Vlorë air base  is located near Vlorë, Albania. It was constructed in the 1950s.

History 
Vlore is the second biggest port in Albania, after Durrës. Vlore was once the capital of Albania (now it is Tirana), and was the city in which the country received its Declaration of Independence on November 28, 1912.

History of Vlore Base 
The air base is south of the city of Vlore. The city is on the Adriatic coast in the southern region of Albania. It was built in 1950s and it is the home base of the Air Academy. The academy was built in 1962. In 1997 during the "lottery uprising", people came and destroyed the air base.
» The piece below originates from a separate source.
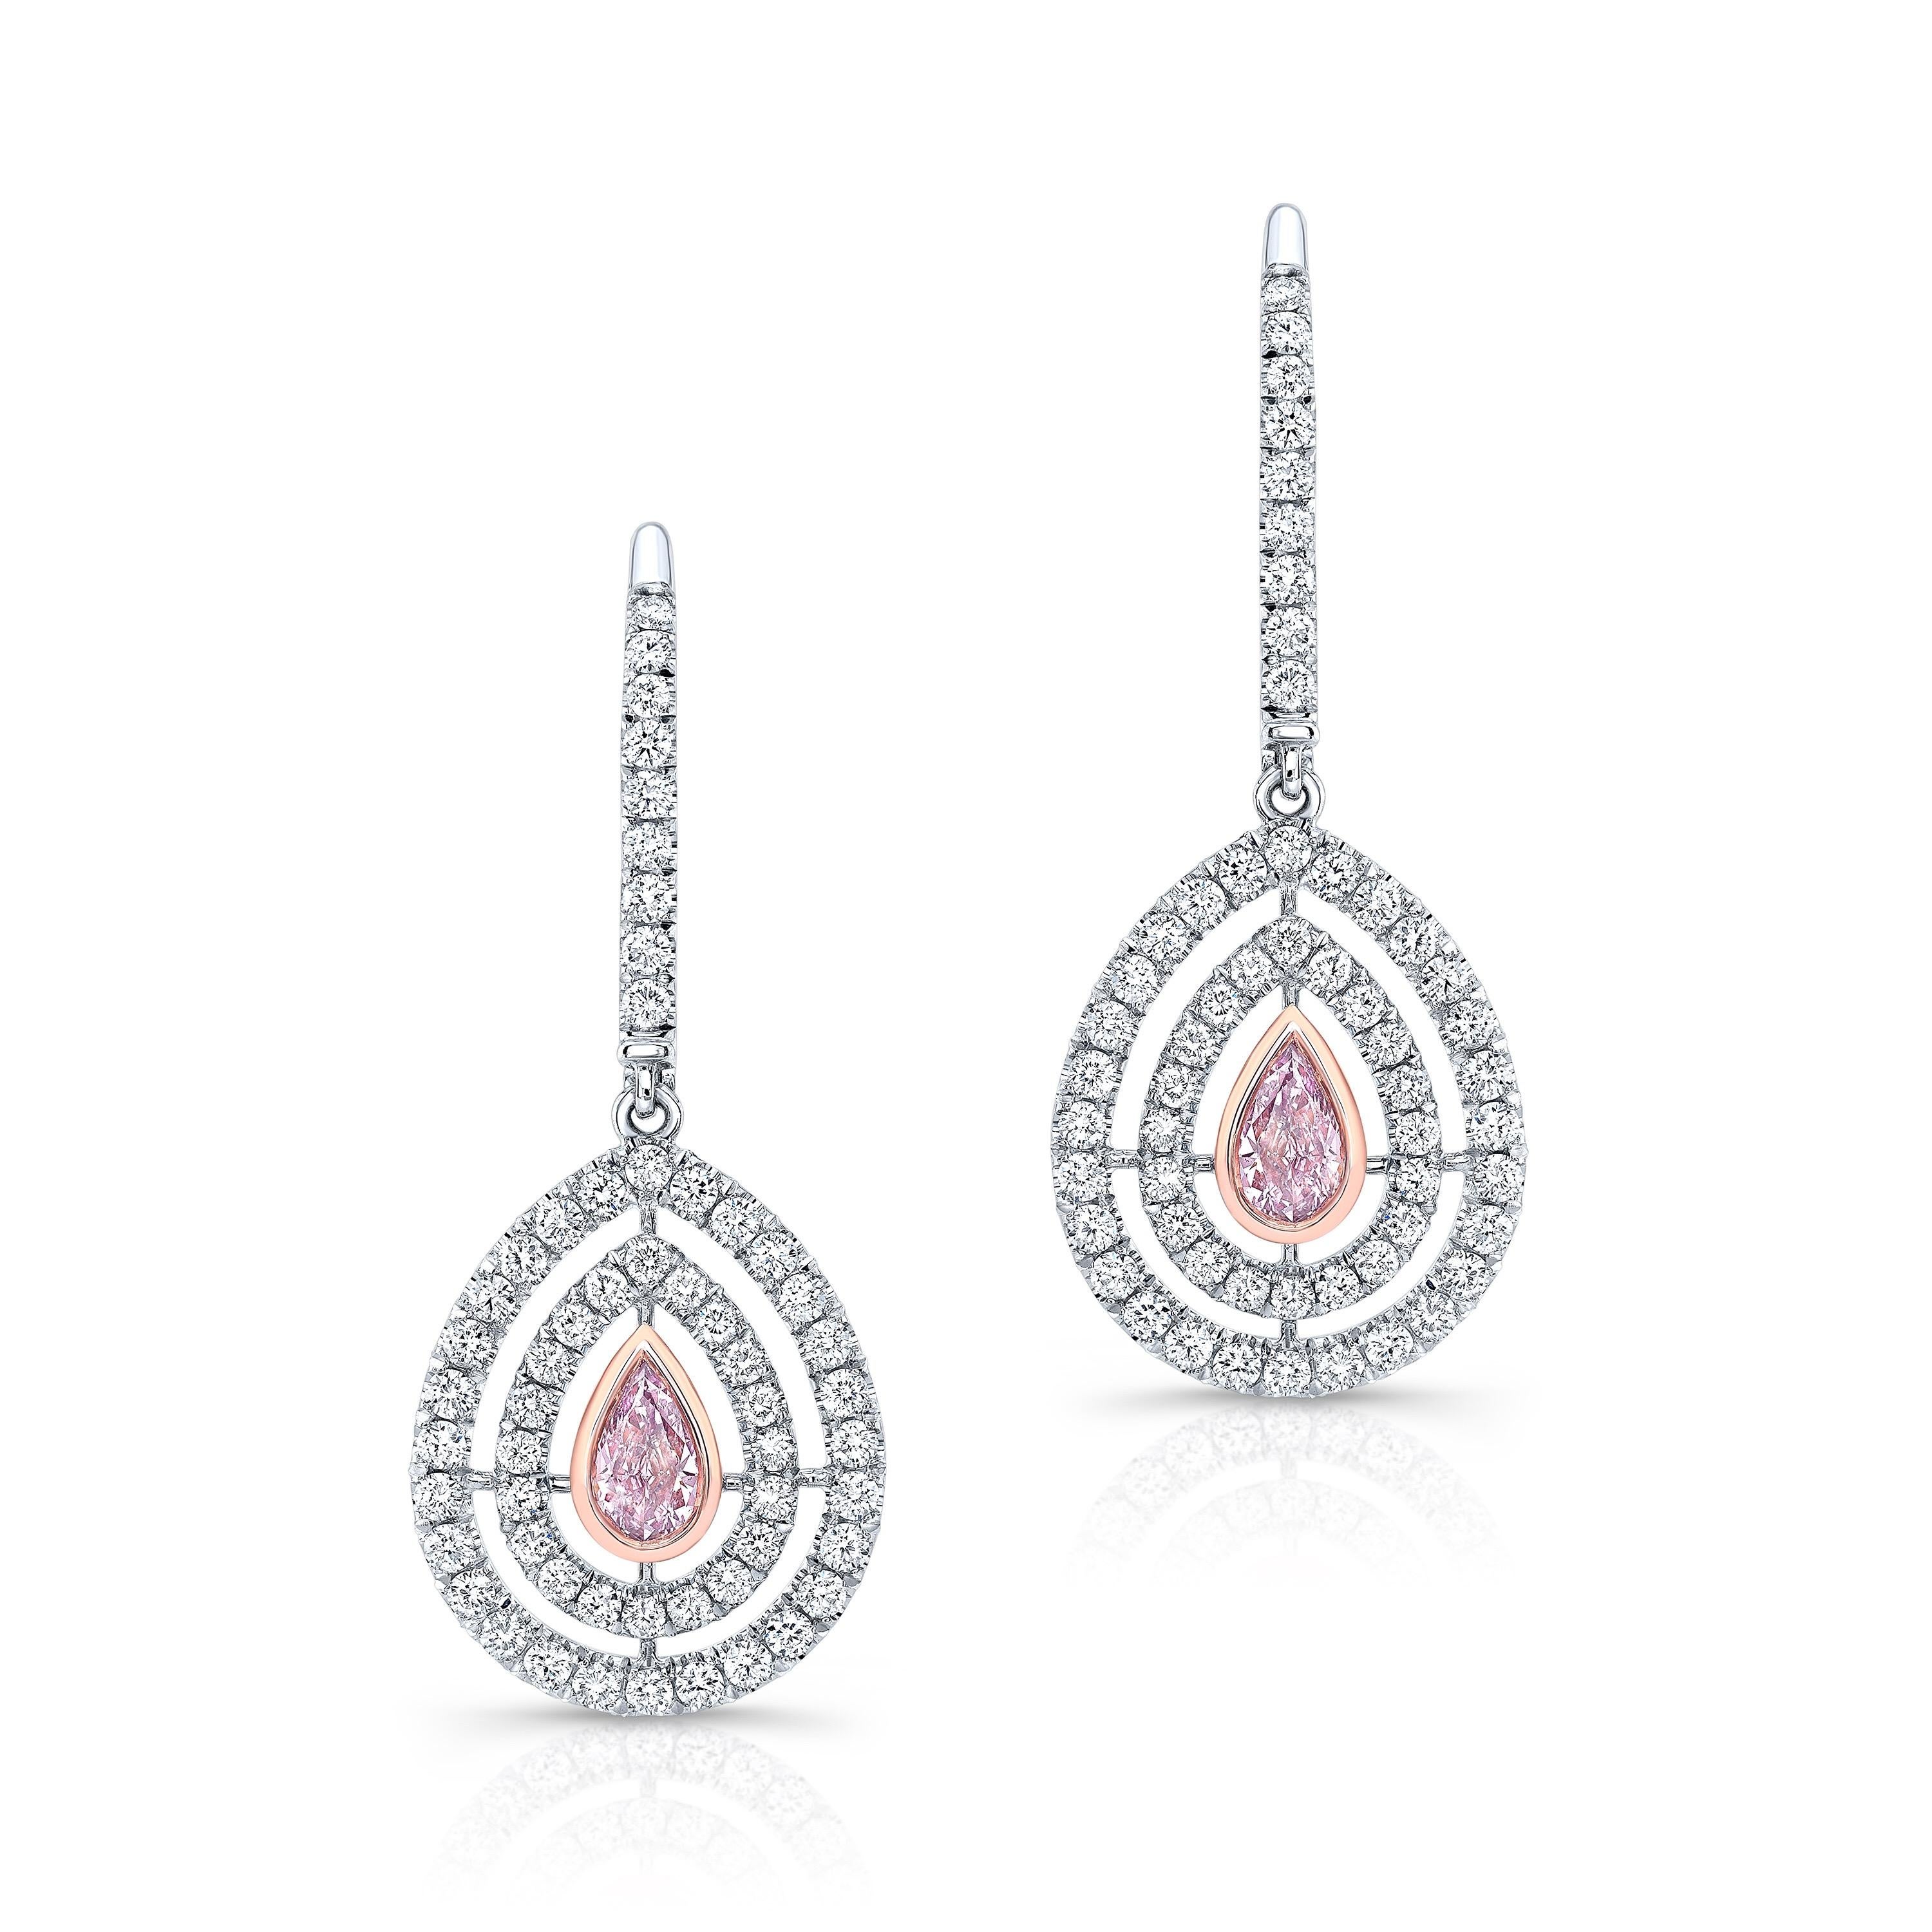 Pear Cut Pink Diamond Earrings 0.46 Carat GIA Certified

The academy was rebuilt in 2002 to 2004 but the airbase wasn't. Instead, civilian homes were built over the airbase. And they also joined partnership with the academy of kucove and that helped that form runaway data. Rwy 16/34, Size: , Elev: , N40 28 33.78 E019 28 27.04, grass airfield. During WWII the airbase was being used by flying CR42s The airbase is 100 km from Tirana.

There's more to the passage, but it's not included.